(Illustration: AWS re:Invent 2025 Keynote with Peter DeSantis and Dave Brown. Image source: AWS.)
Peter DeSantis, SVP of Utility Computing at AWS, and Dave Brown took the stage at re:Invent 2025 to deliver a keynote that went deep into the infrastructure fundamentals powering the AI era. Rather than chasing the latest AI hype, they made a compelling case that the core cloud attributes we have relied on for two decades, security, availability, elasticity, agility, and cost, matter more than ever. The announcements ranged from Graviton5 with 192 cores in a single package and 5x more L3 cache, to Lambda Managed Instances that bridge the EC2-Lambda divide, to S3 Vectors hitting GA with sub-100ms queries over 2 billion vectors. On the AI acceleration front, Trainium3 UltraServer delivers 5x output tokens per megawatt, and PyTorch native support means porting GPU code to Trainium is literally a one-line change.
✳️ tl;dr
One theme “Infrastructure Fundamentals for the AI Era” runs throughout, with six sections:
- Core Cloud Attributes: Security, availability, elasticity, agility, and cost remain the foundation. These attributes guided every AWS decision for 20 years and are even more critical in the AI era.
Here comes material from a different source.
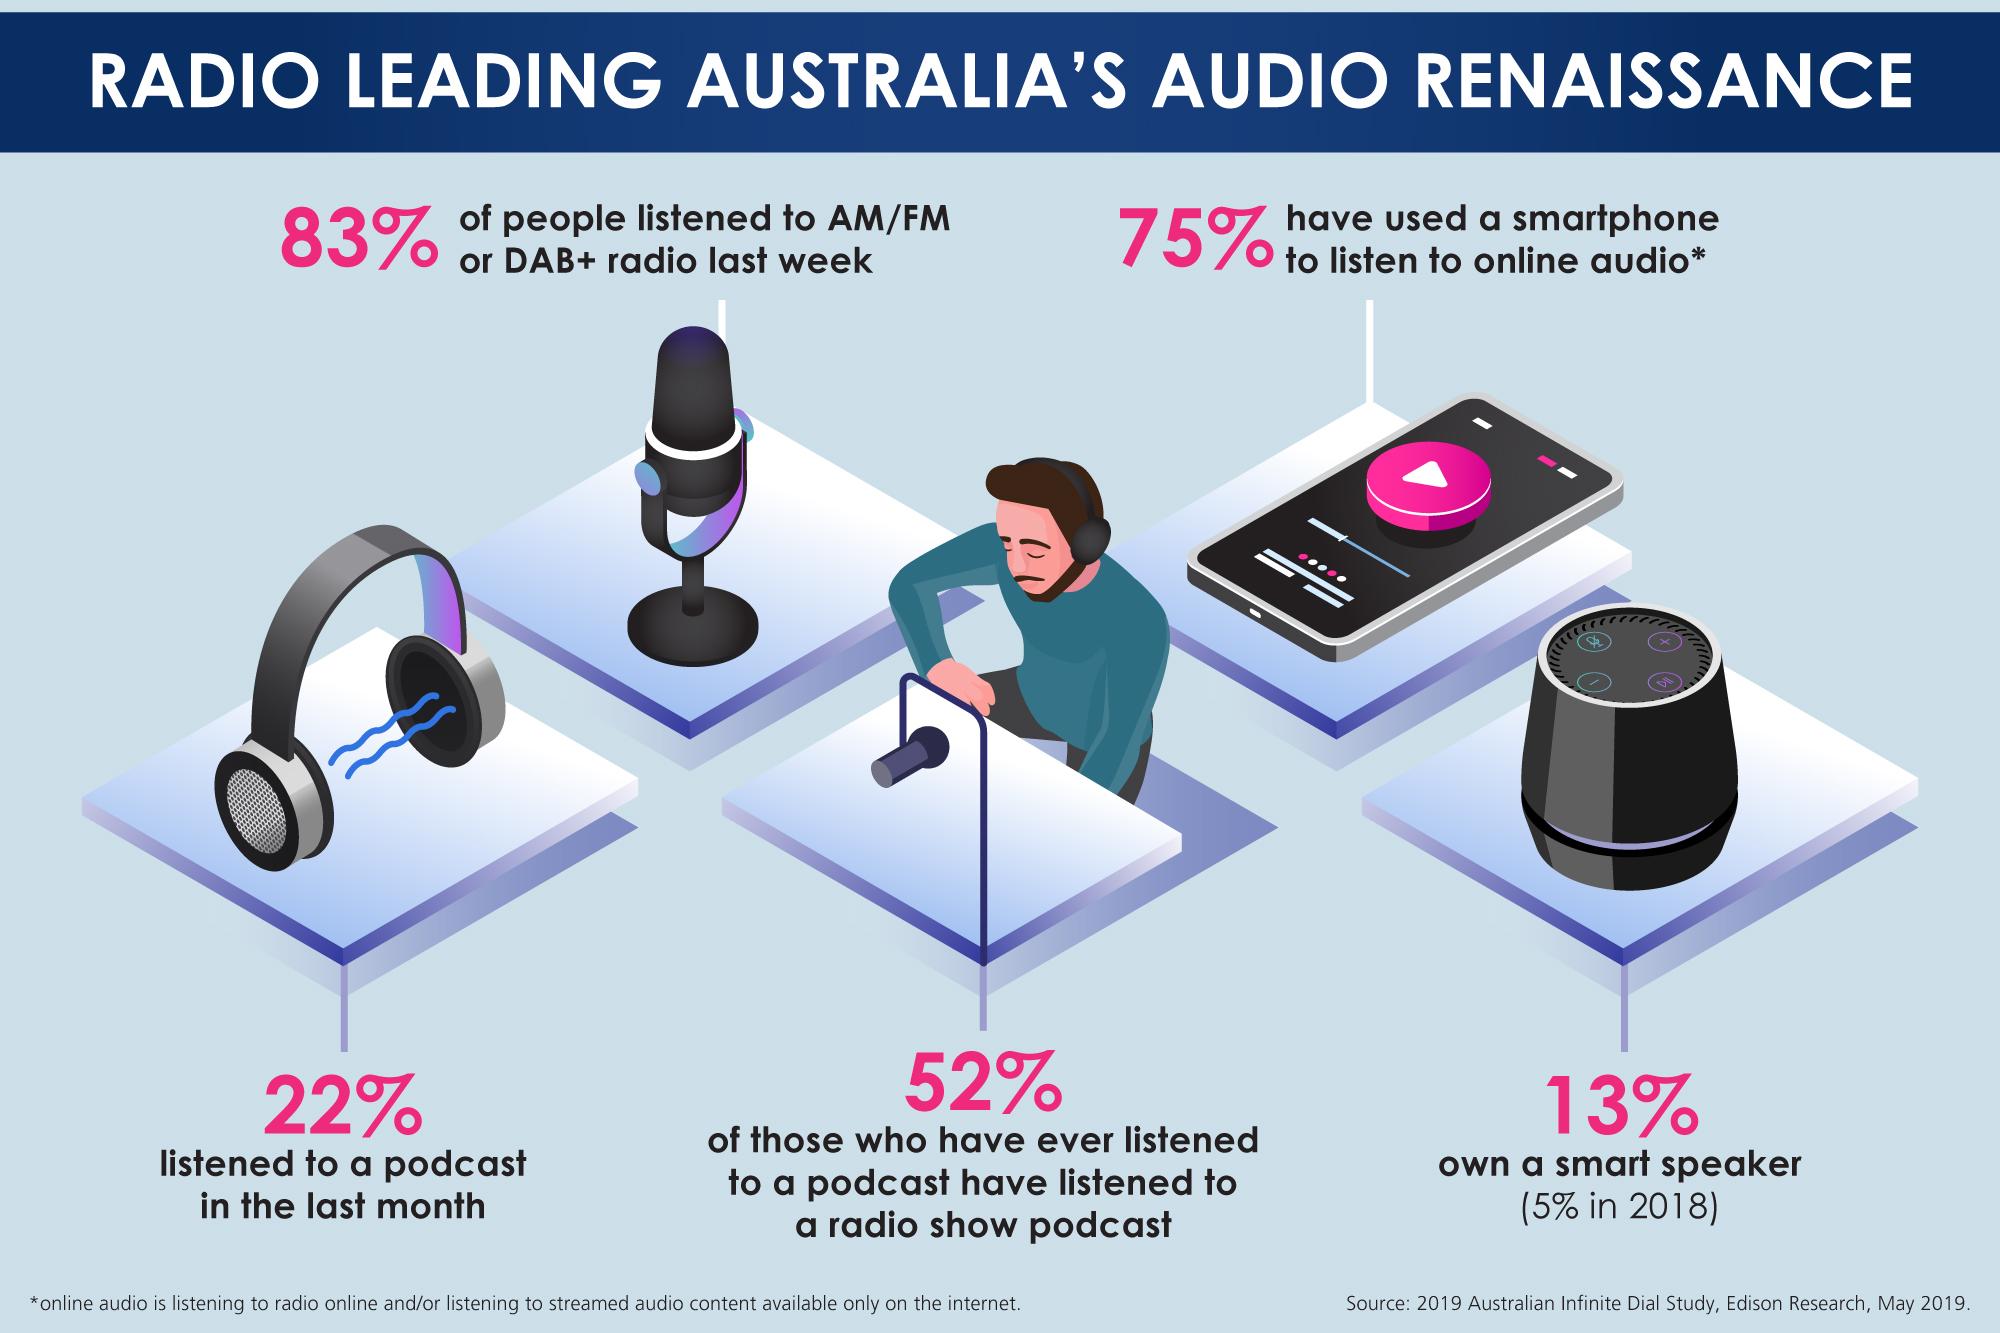 showcase podcast listening behaviour - HD2000×1333

- Nitro and Graviton Evolution: From custom silicon (Nitro) eliminating virtualization jitter to Graviton5 delivering 192 cores with 5x L3 cache. M9g instances offer up to 25% better performance than M8g. Guest: Payam Mirrashidi (Apple) on Swift + Graviton achieving 40% performance gains.
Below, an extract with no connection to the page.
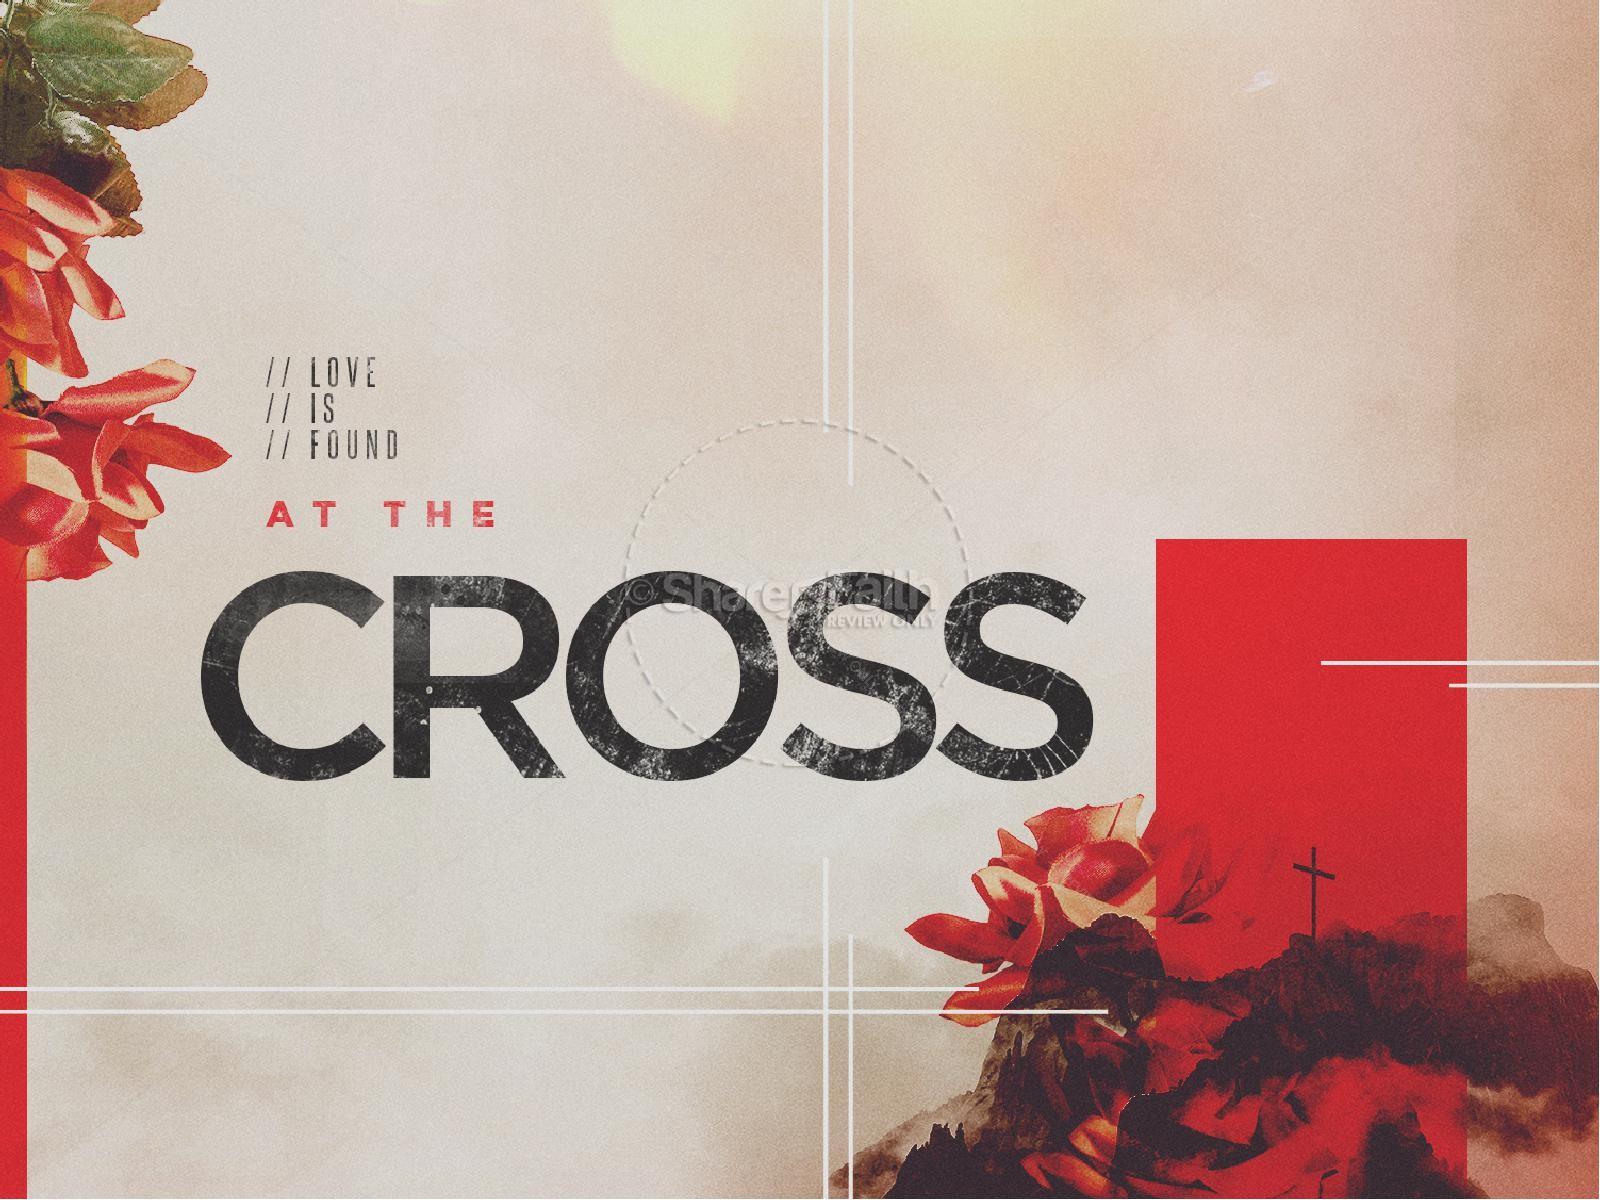 At The Cross Sermon Title Graphic | slide 1

- Serverless Expansion: Lambda Managed Instances bridges the gap between EC2 performance and Lambda simplicity. Your Lambda functions run on EC2 instances you choose, while Lambda manages provisioning, patching, and scaling.
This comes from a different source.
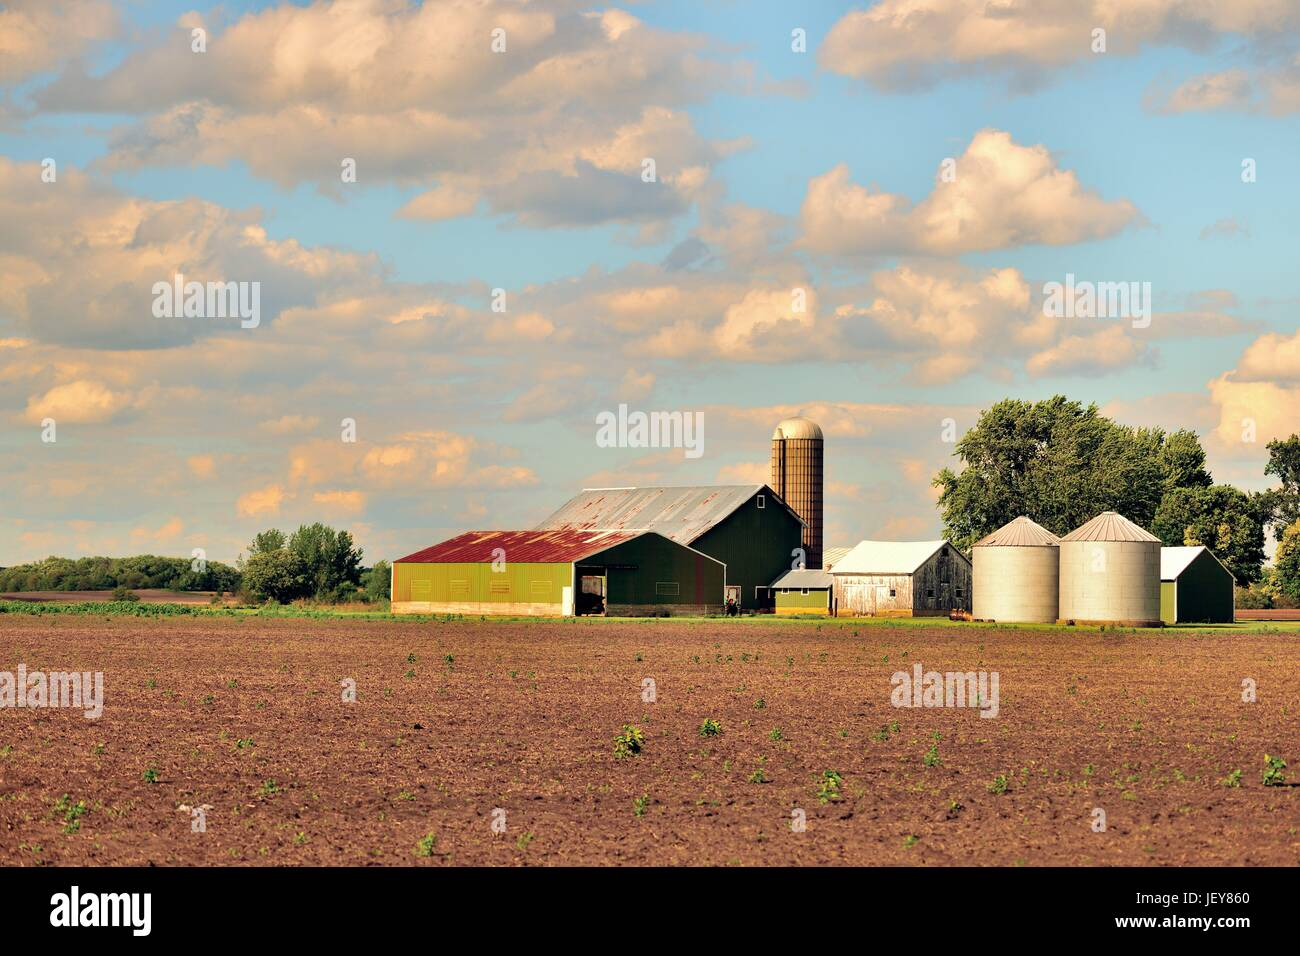 Burlington, Illinois, USA. A variety of farm buildings provide a serene setting on an Illinois farm. - Stock Image

- Inference and Bedrock Architecture: Project Mantle inference engine powers Bedrock with service tiers (priority, standard, flexible), per-customer queue fairness, Journal for fault tolerance, and confidential computing.
- Vector Search and S3 Vectors: Nova Multimodal Embeddings unifies text, image, video, audio into shared vector space. S3 Vectors GA achieves sub-100ms queries on 2 billion vectors. 250K+ vector indexes created in 4 months. Guest: Jae Lee (TwelveLabs) on video intelligence.
- Trainium3 and AI Acceleration: Trainium3 UltraServer with 144 chips, 360 PetaFLOPS, 20TB HBM. 5x output tokens per megawatt. NKI GA and Neuron Explorer for performance profiling. PyTorch native support. Guest: Dean Leitersdorf (Decart) on real-time visual intelligence.
✳️ Live Experience
(Caption: This session used to be held on Monday evenings, originally known as Monday Night Live, and I’d often miss it due to dinner or meeting conflicts — only to catch up later. This year it clashed with other commitments again, so here are some stand-in photos of the Amazon EC2 UltraServer displayed on the CEO Keynote stage and the cute, mischievous Kiro who loves playing hide-and-seek — giving you a glimpse of the physical and protocol world that truly exists behind the cloud’s abstraction.)